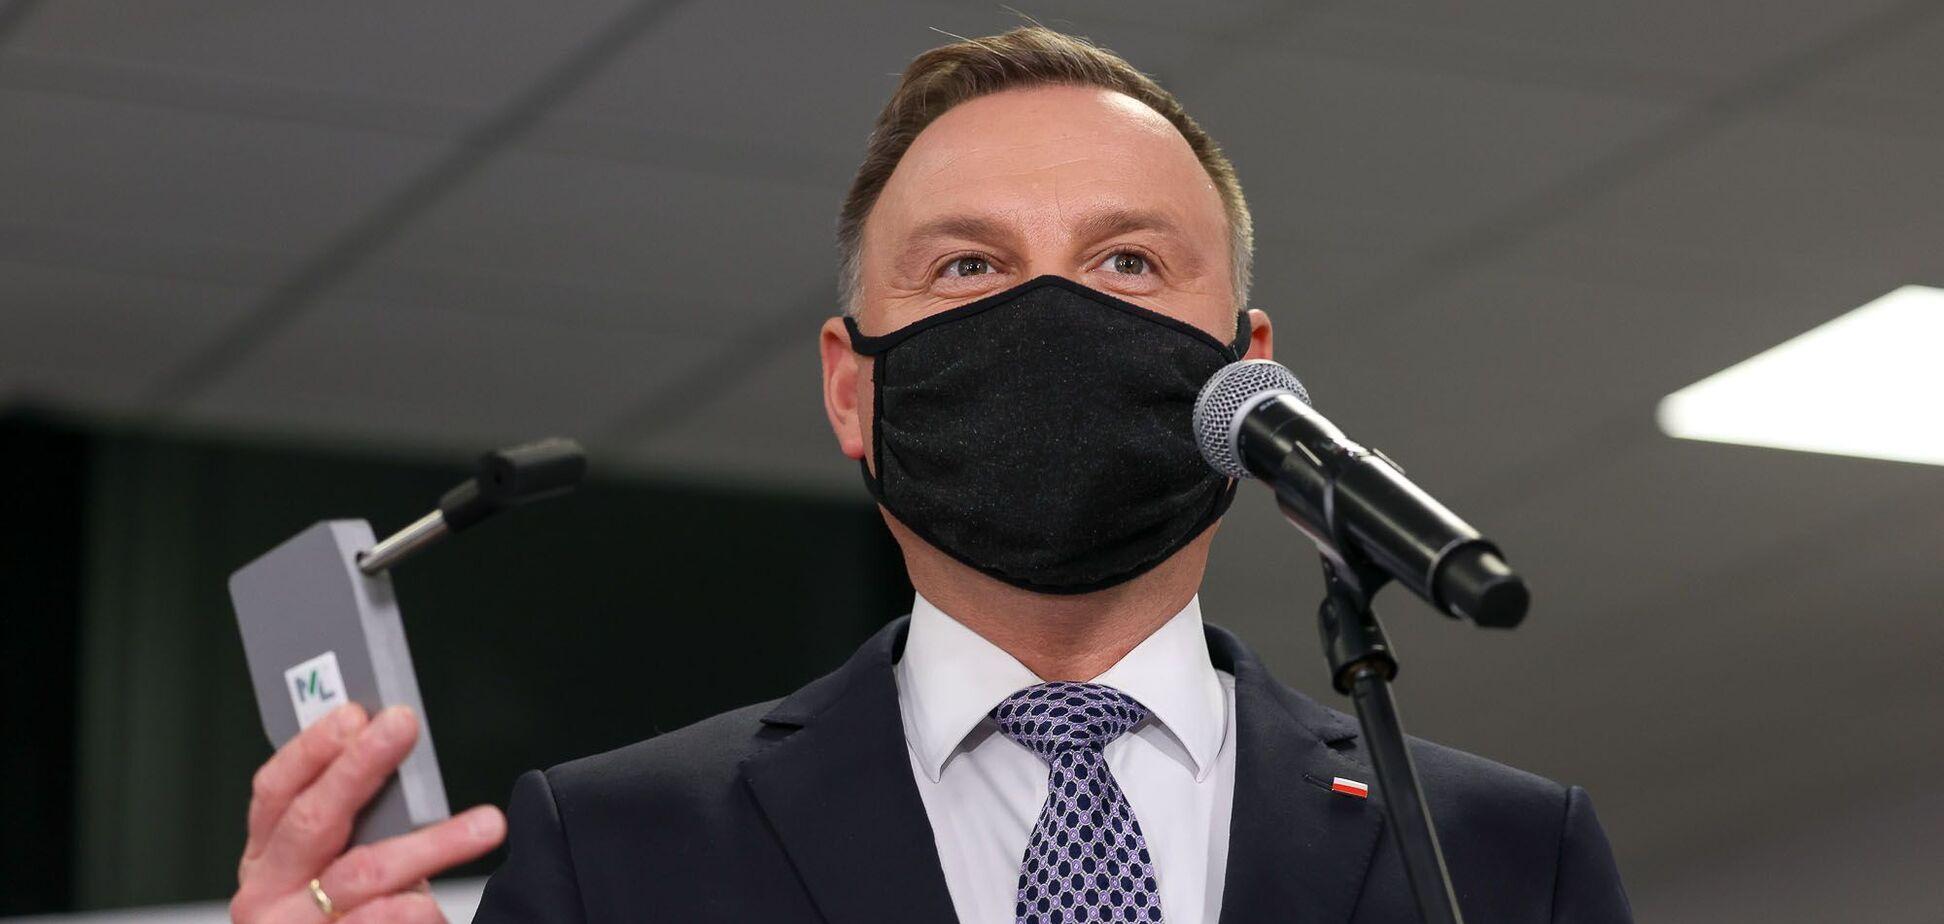 В Польше разработали 'драгер' для проверки на коронавирус
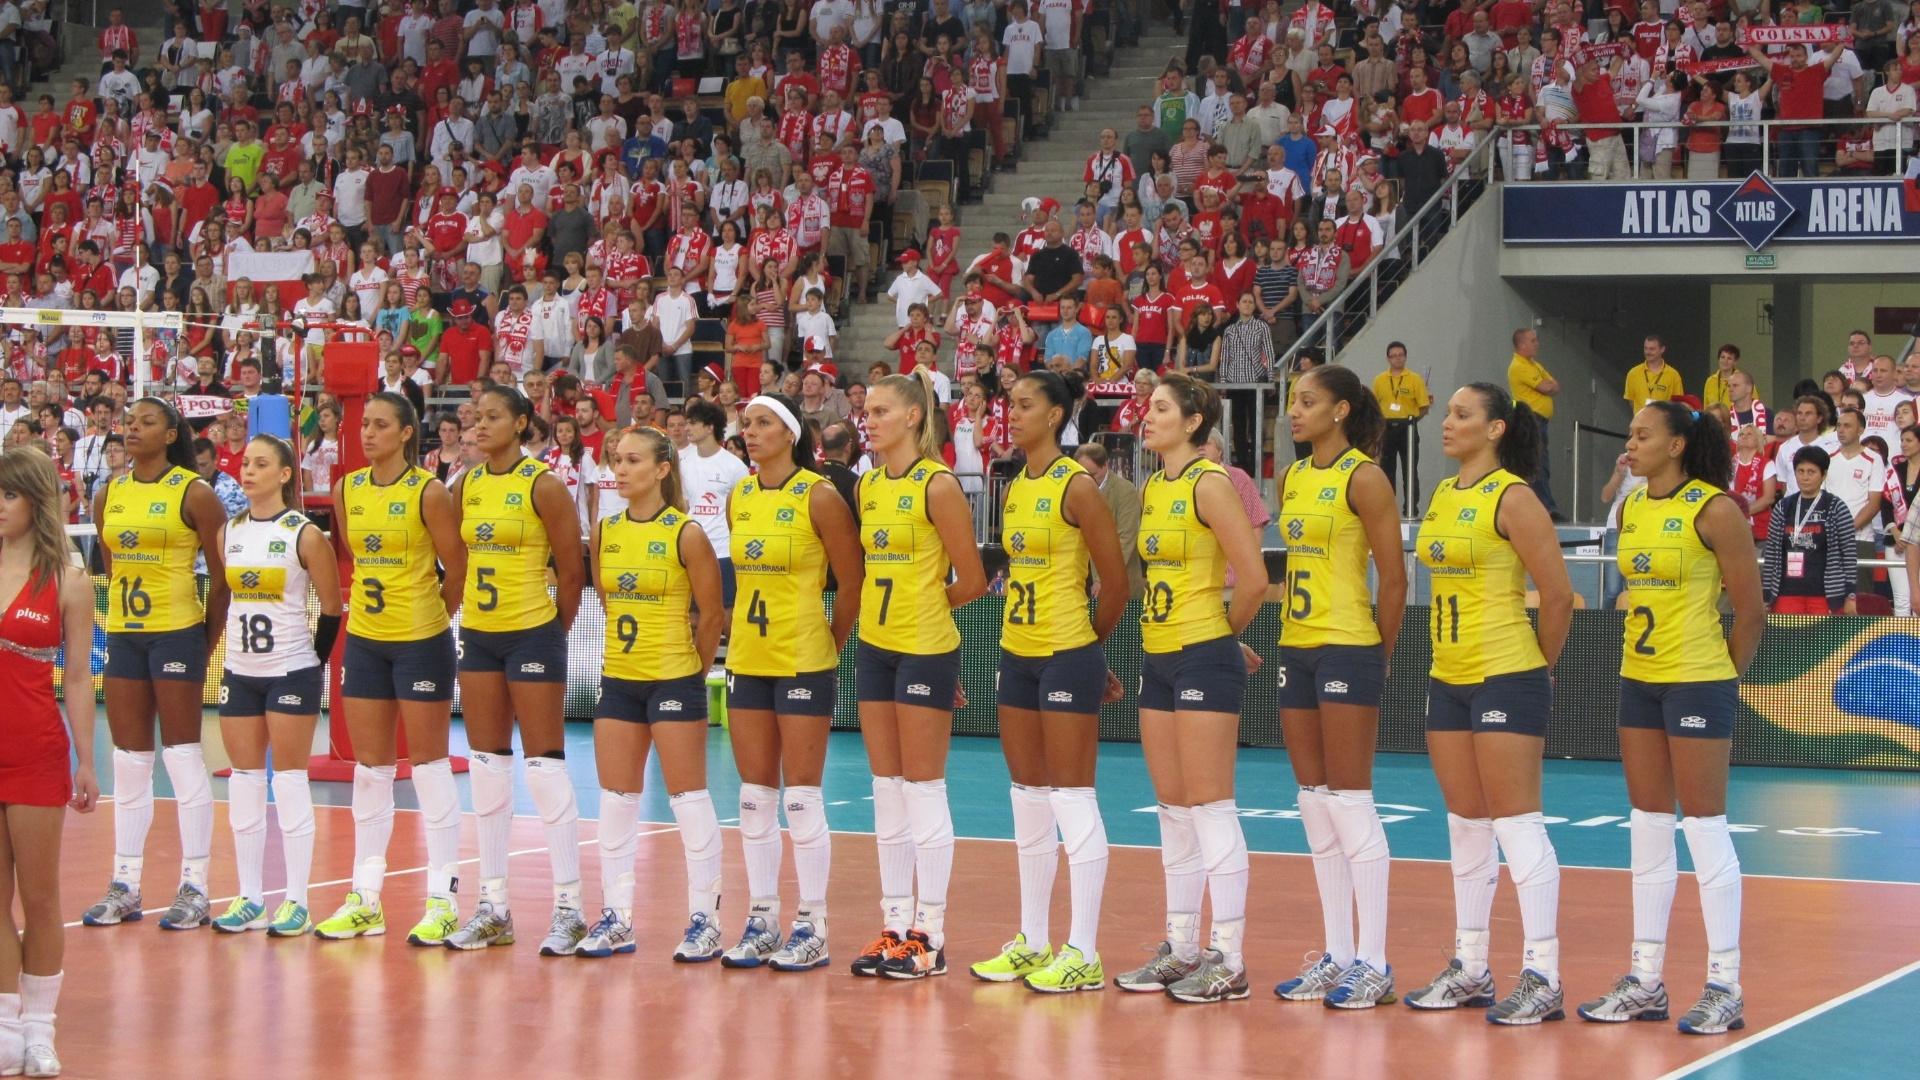 Brasileiras perfiladas antes da partida contra a Polônia pelo Grand Prix
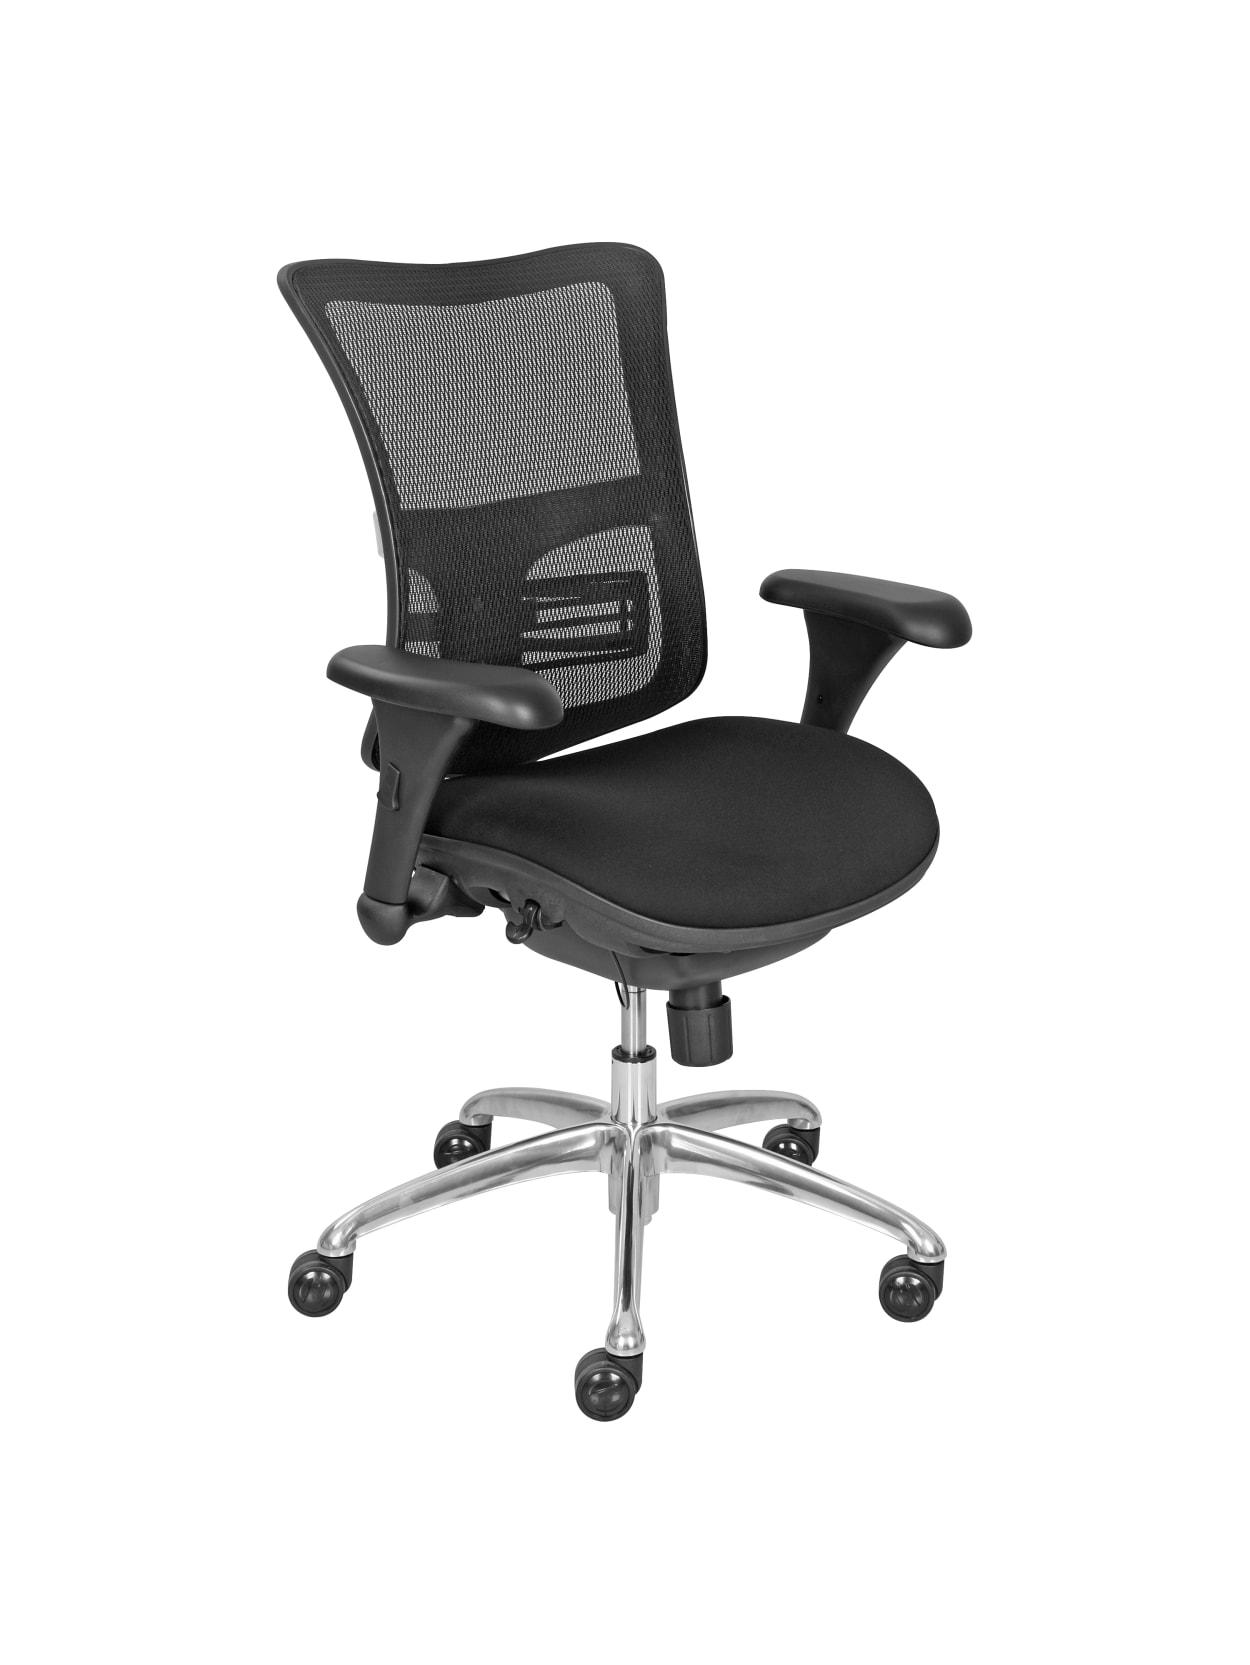 La Z Boy Mid Back Task Chair 41 H X 28 W X 20 1416 D Black Office Depot

_What the exercise asks_
Only the lines from the one holding "Brasileiras perfiladas antes" through the end of the data are to be printed, exactly as they stand and with no pictures.

_Answer to the problem_
 Brasileiras perfiladas antes da partida contra a Polônia pelo Grand Prix
 La Z Boy Mid Back Task Chair 41 H X 28 W X 20 1416 D Black Office Depot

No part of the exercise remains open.